This study will allow us to test the hypothesis: (1) Patients with overlap syndrome have more RV dysfunction than those with COPD only or OSA only; (2) treatment of both hypoxemia and hypercapnia during sleep will improve RV hemodynamics compared with treatment of hypoxemia alone in patients with overlap syndrome.
Despite the high prevalence of overlap syndrome, few data are available on its pathophysiology and clinical consequences of these patients. Overlap syndrome has recently been reported to have excess cardiovascular mortality compared with COPD alone. However, no study has evaluated the mechanisms of excess cardiovascular mortality in untreated overlap syndrome. In addition, no prospective, randomized, controlled data are currently available on treatment of overlap syndrome.

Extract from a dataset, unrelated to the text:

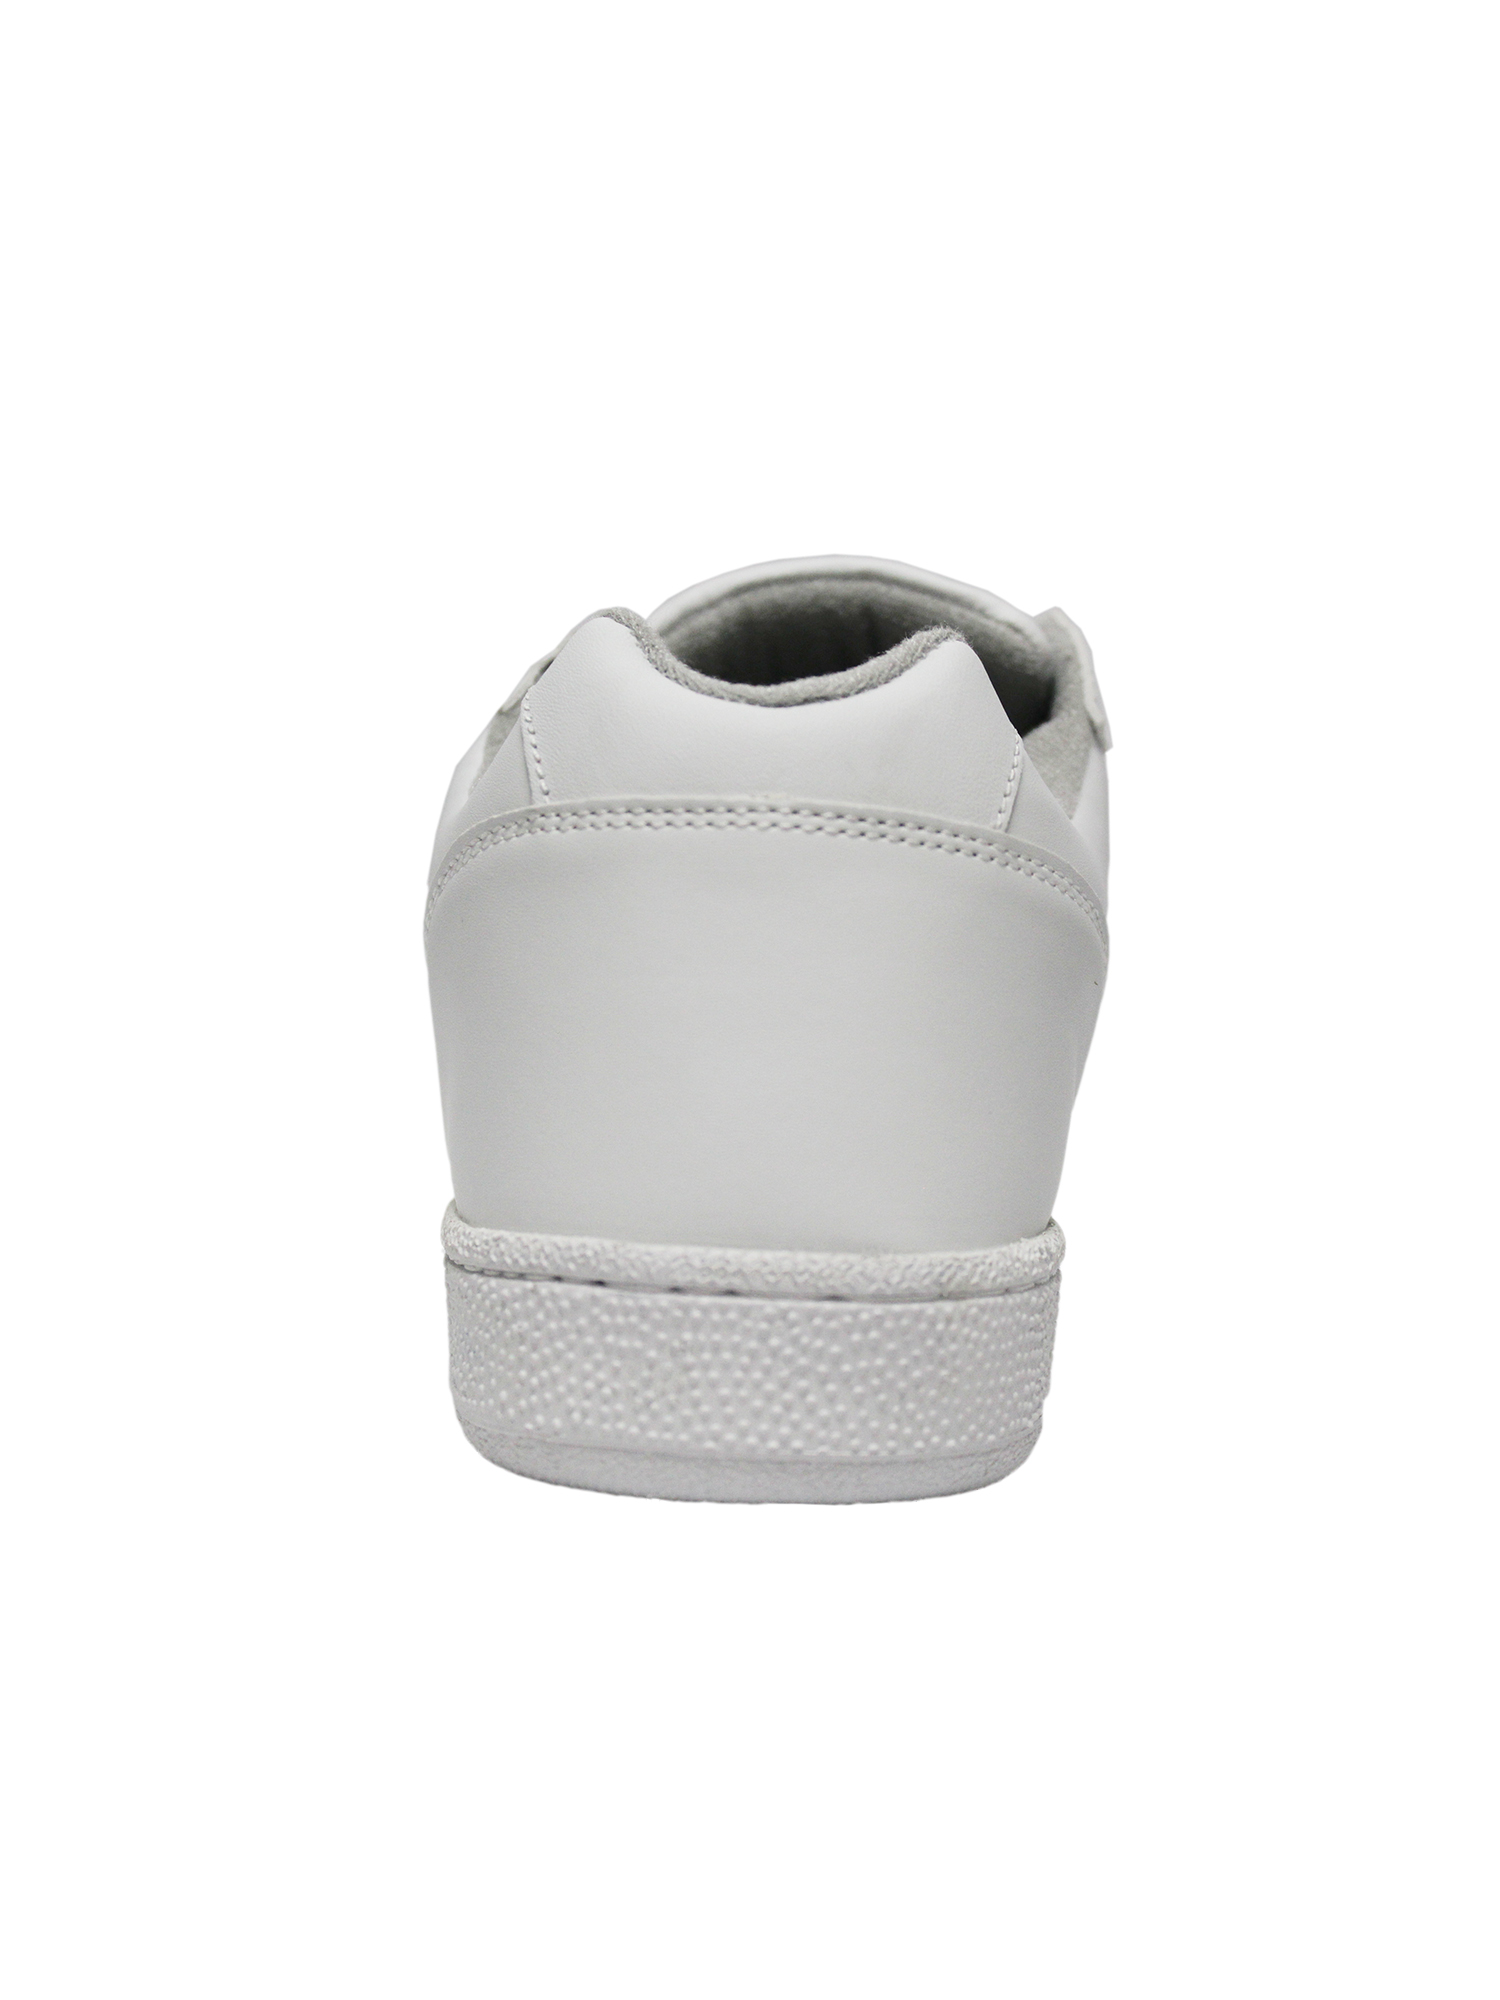 Tanleewa Men's Leather Strap Sneakers Lightweight Hook and Loop Walking Shoe Size 7.5 Adult Male - image 5 of 5

This study is divided into two parts. The first part (Part 1) is a cross-sectional cohort study comparing subjects with overlap syndrome to those with COPD alone and those with OSA alone. Patients with COPD and OSA overlap syndrome will be evaluated by an overnight sleep study, cardiac MRI, serum inflammatory biomarker, urine catecholamine level, pulmonary function test, and questionnaires of sleep and health related quality of life. These measurement will be compared between overlap syndrome and control groups with either COPD or OSA alone.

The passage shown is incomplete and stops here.